FIGURE 8. Ethereum decay and expansion measures. The move of Ethereum to Proof-of-Stake mining took place in two stages, indicated by 2 vertical blue lines (September 6 and 15, 2022). An expansion peak on 5 Sep 2022 detects the anomaly 1 day before the first stage commenced.
SCPD vs InnerCore. We next apply SCPD on the Ethereum transaction network to compare against our expansion and decay results. From Figure 9, we notice that SCPD less accurately captures the two phases of Ethereum’s transition to POS occurring on September 6 and 15, 2022. SCPD identifies September 9 and 16 as anomalous, which are 2 days before the first phase and 1 day after the second phase, respectively, of Ethereum’s transition to POS. In contrast, our expansion measures in Figure 8 more accurately capture the phases of Ethereum transition to POS by producing a peak on September 4, 1 day before the first phase, and on September 15, the same day of the second phase. It is evident InnerCore detects the second phase of the switch on the day of the event, whereas SCPD can only detect the event after it has occurred. Therefore, InnerCore expansion measures more accurately detect an anomaly on days when a significant event actually unfolded.

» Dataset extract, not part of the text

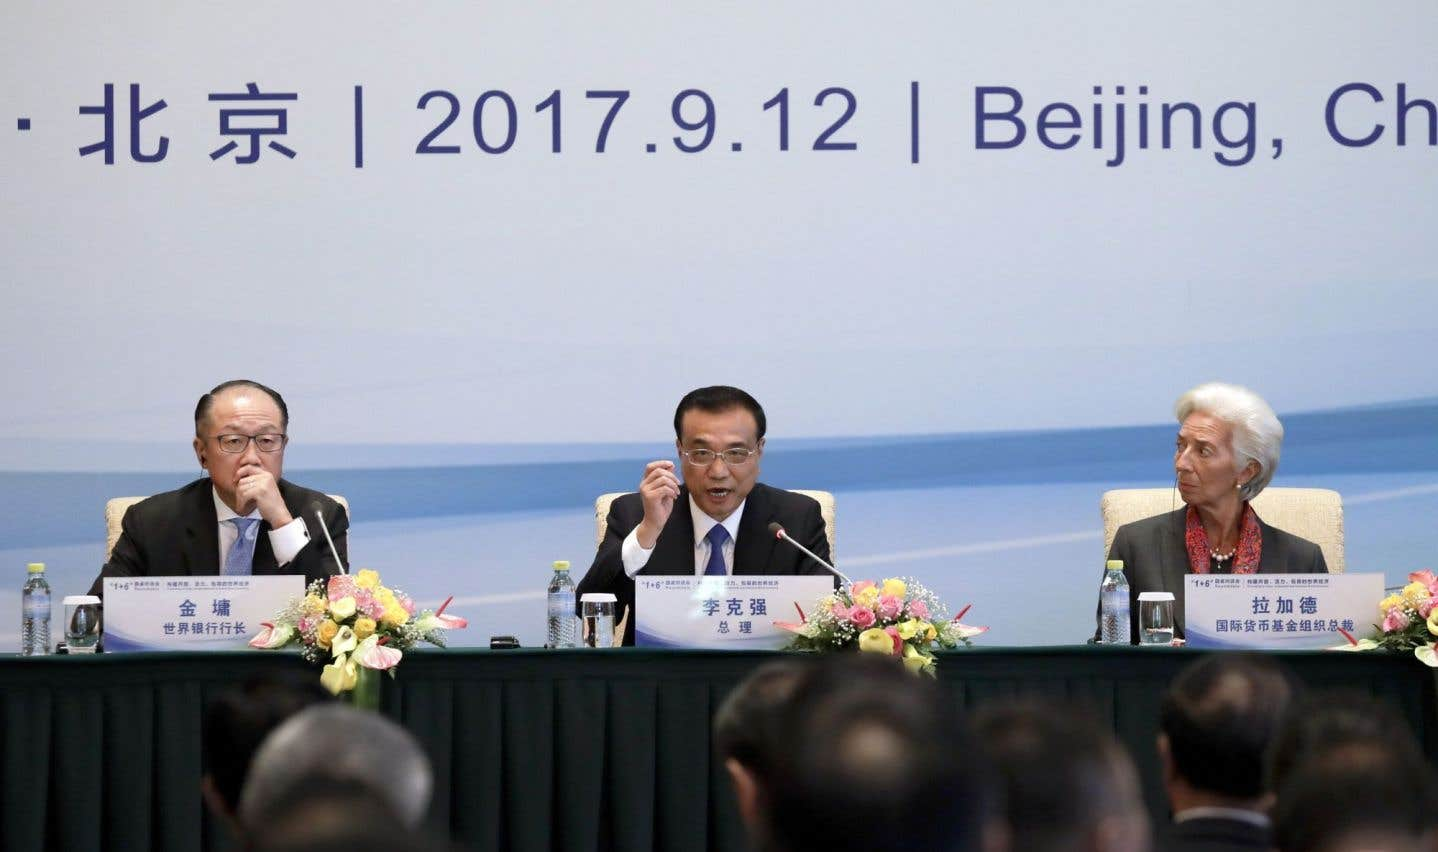 Pékin défend à nouveau le libre-échange et promet la «libre concurrence»

FIGURE 9. Ethereum anomalous days identified by SCPD. Compared to decay and expansion measures by InnerCore, SCPD less accurately captures the two phases of Ethereum’s transition to POS occurring on September 6 and 15, 2022.
6.3.3 Experiment 3: USDC’s temporary peg loss
On 11 May 2023, a significant event unfolded in the stablecoin market as Circle’s stablecoin, USDC, experienced a temporary loss of its peg, plummeting to a concerning value of 87 cents5. The abrupt collapse of Silicon Valley Bank, which held over 3 billion of Circle’s reserves, triggered panic among traders. Fearing a collapse, many traders liquidated their USDC holdings and sought refuge in alternative stablecoins like MakerDAO’s DAI.
By analyzing the expansion and decay measures surrounding the incident, we realize how traders responded differently to this event. Figure 10 shows a sudden surge in expansion on 11 May 2023, attributing to a wave of traders liquidating their USDC holdings in response to the stablecoin’s all-time low value of 87 cents. In the subsequent 3 days following the temporary loss of USDC’s peg, a distinct series of behavioral patterns emerged, characterized by alternating signals of despair, hope, and despair again, before eventually stabilizing. During this 3-day period, Circle’s reassurances regarding the recovery of lost reserves gradually restored trust among its traders. This is evident through the decreasing extent of despair patterns observed on the 12th and 14th.
FIGURE 10. USDC decay and expansion measures. On 11 Mar 2023 (shown with the vertical blue line), USDC loses its $1 peg and falls to as low as 87 cents. An expansion peak detects the anomaly on the day the event transpires.
In summary, traders’ reactions were initially marked by panic and a rush to sell USDC, causing a surge in expansion. However, as Circle provided updates on their efforts to recover the lost reserves, a sense of hope permeated the market, leading to a decline in the extent of despair patterns. Ultimately, the stablecoin regained stability, with expansion and decay returning to typical levels.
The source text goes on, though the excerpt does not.